Exercise description:
From the entries below, reproduce exactly the line containing "U.S. television celebrity", the line containing "A blue promotional", and every line in between, with nothing added.

Data supplied:
—————

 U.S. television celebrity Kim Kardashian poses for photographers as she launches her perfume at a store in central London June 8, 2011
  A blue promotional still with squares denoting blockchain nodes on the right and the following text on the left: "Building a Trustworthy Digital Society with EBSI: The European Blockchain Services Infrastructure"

—————

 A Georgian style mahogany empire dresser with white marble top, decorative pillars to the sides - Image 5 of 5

—————

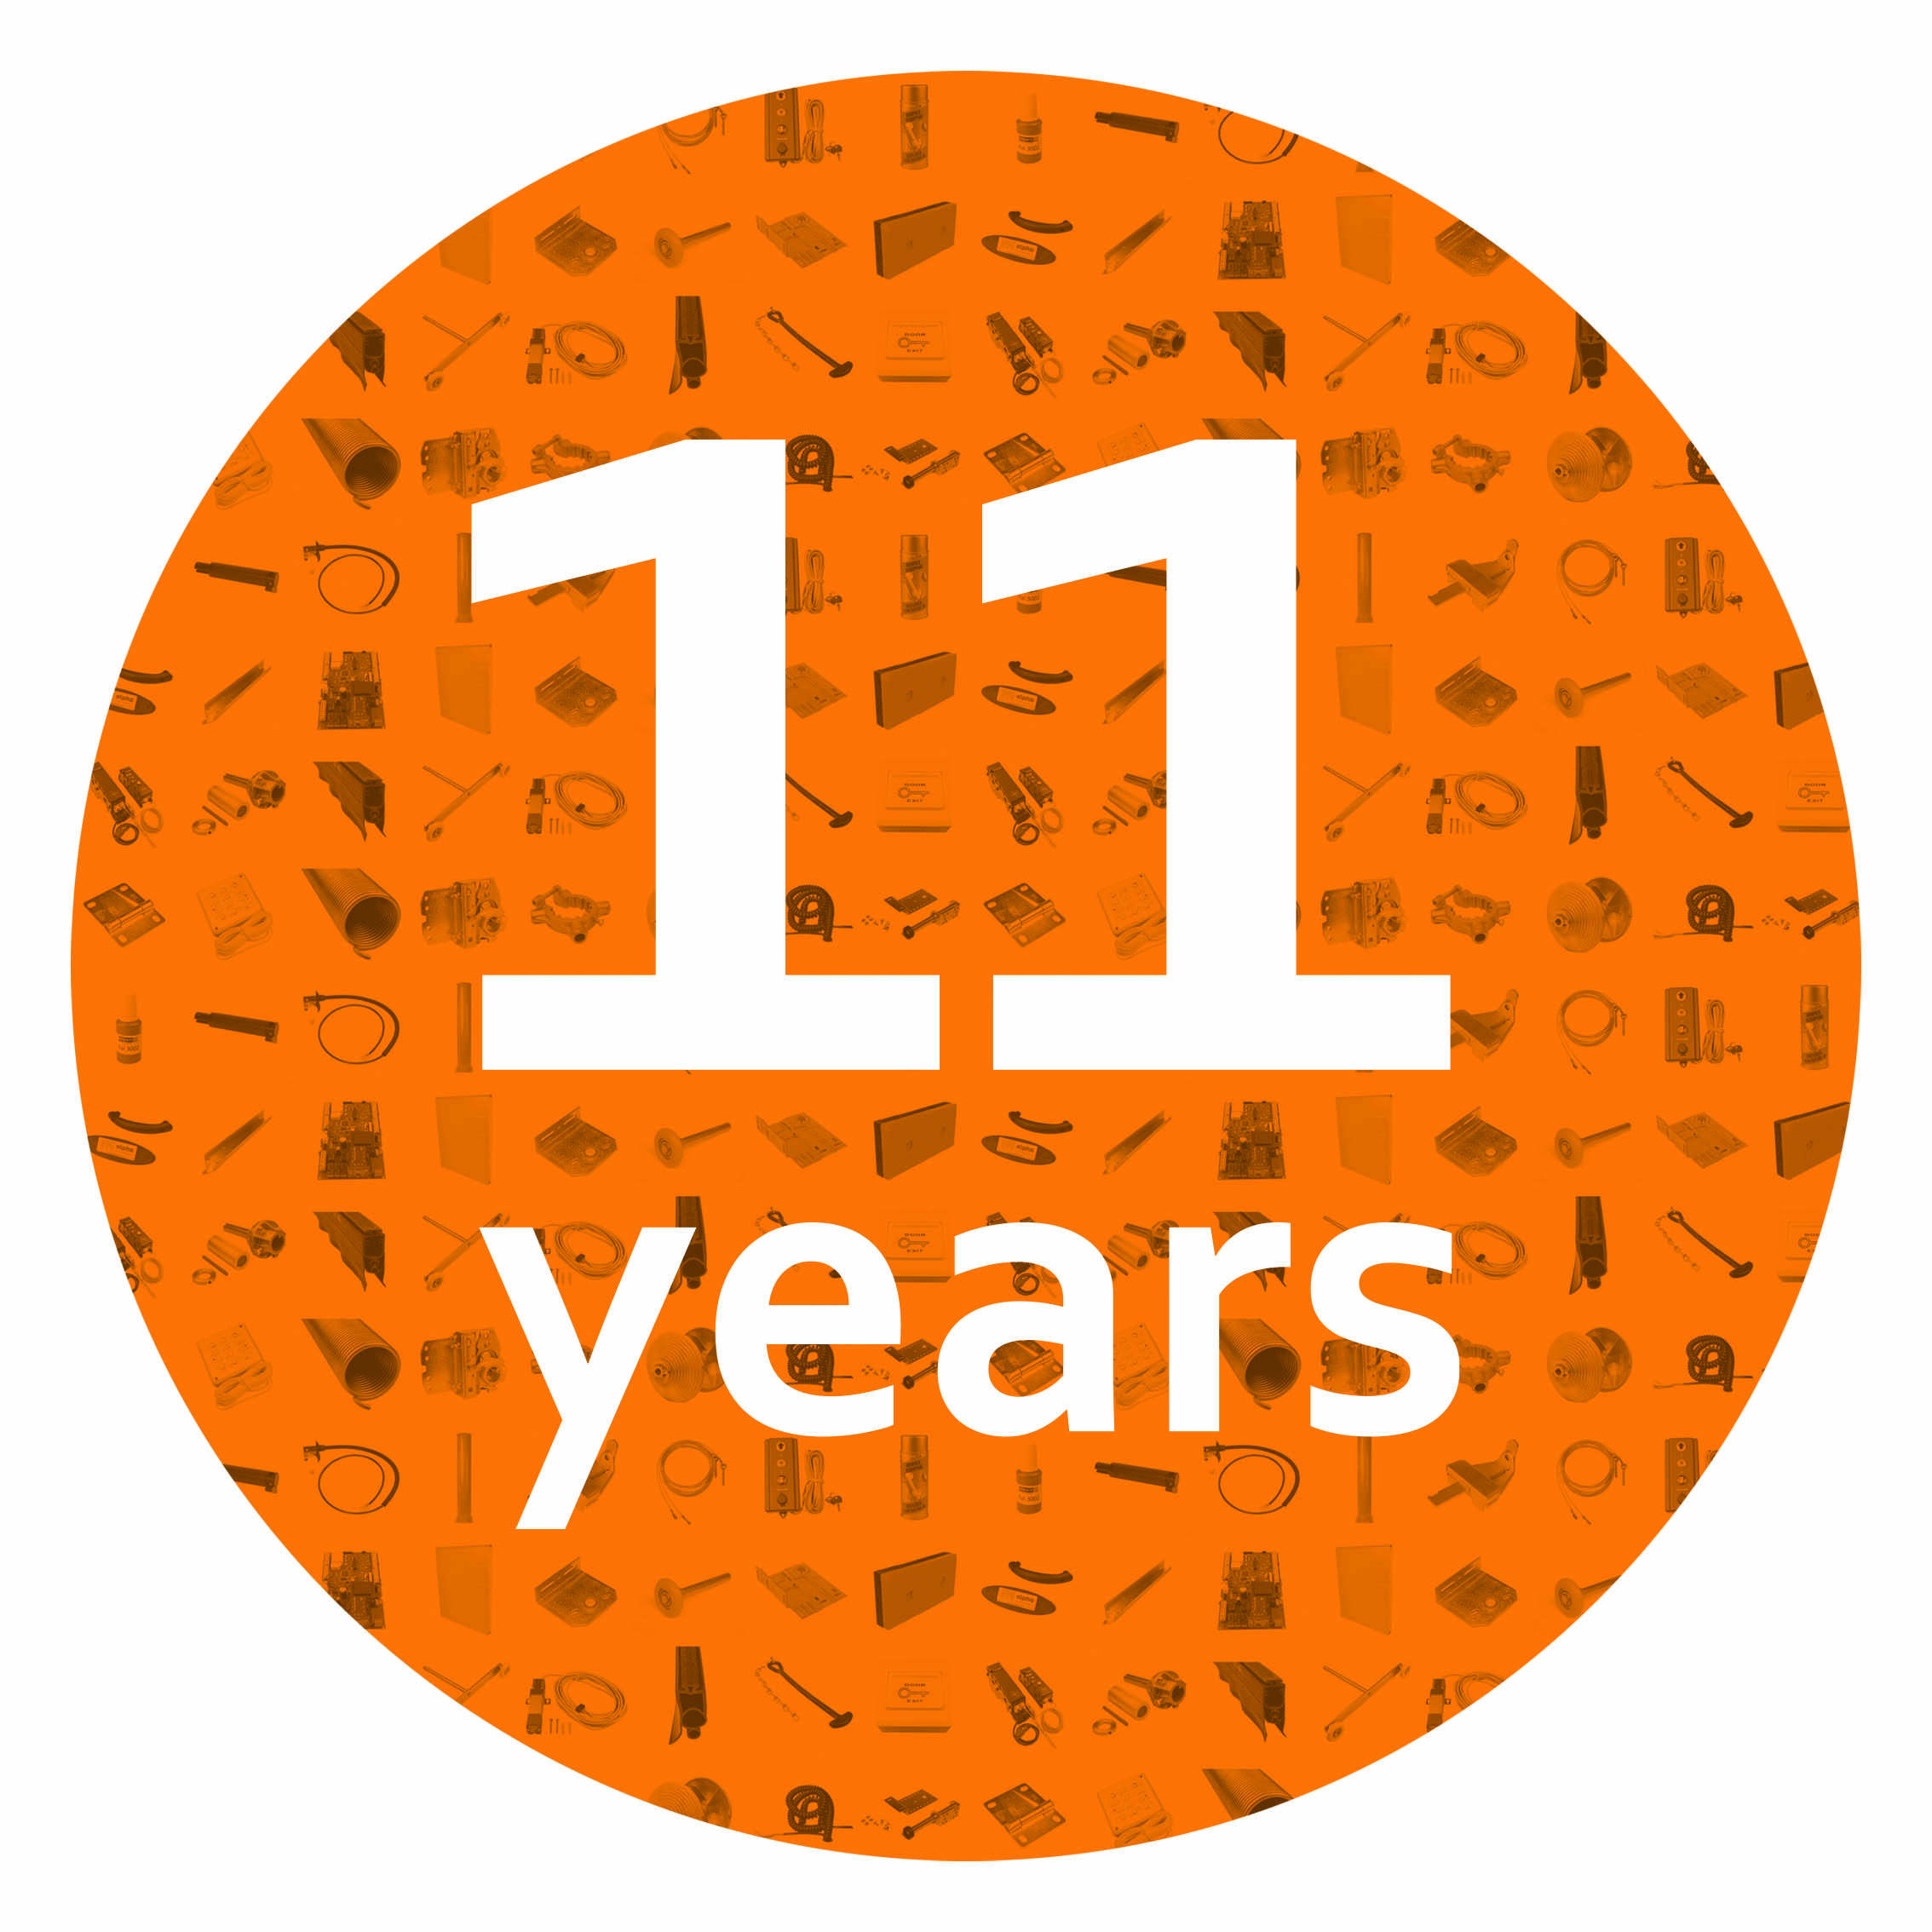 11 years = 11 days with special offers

—————

Response area:
 U.S. television celebrity Kim Kardashian poses for photographers as she launches her perfume at a store in central London June 8, 2011
  A blue promotional still with squares denoting blockchain nodes on the right and the following text on the left: "Building a Trustworthy Digital Society with EBSI: The European Blockchain Services Infrastructure"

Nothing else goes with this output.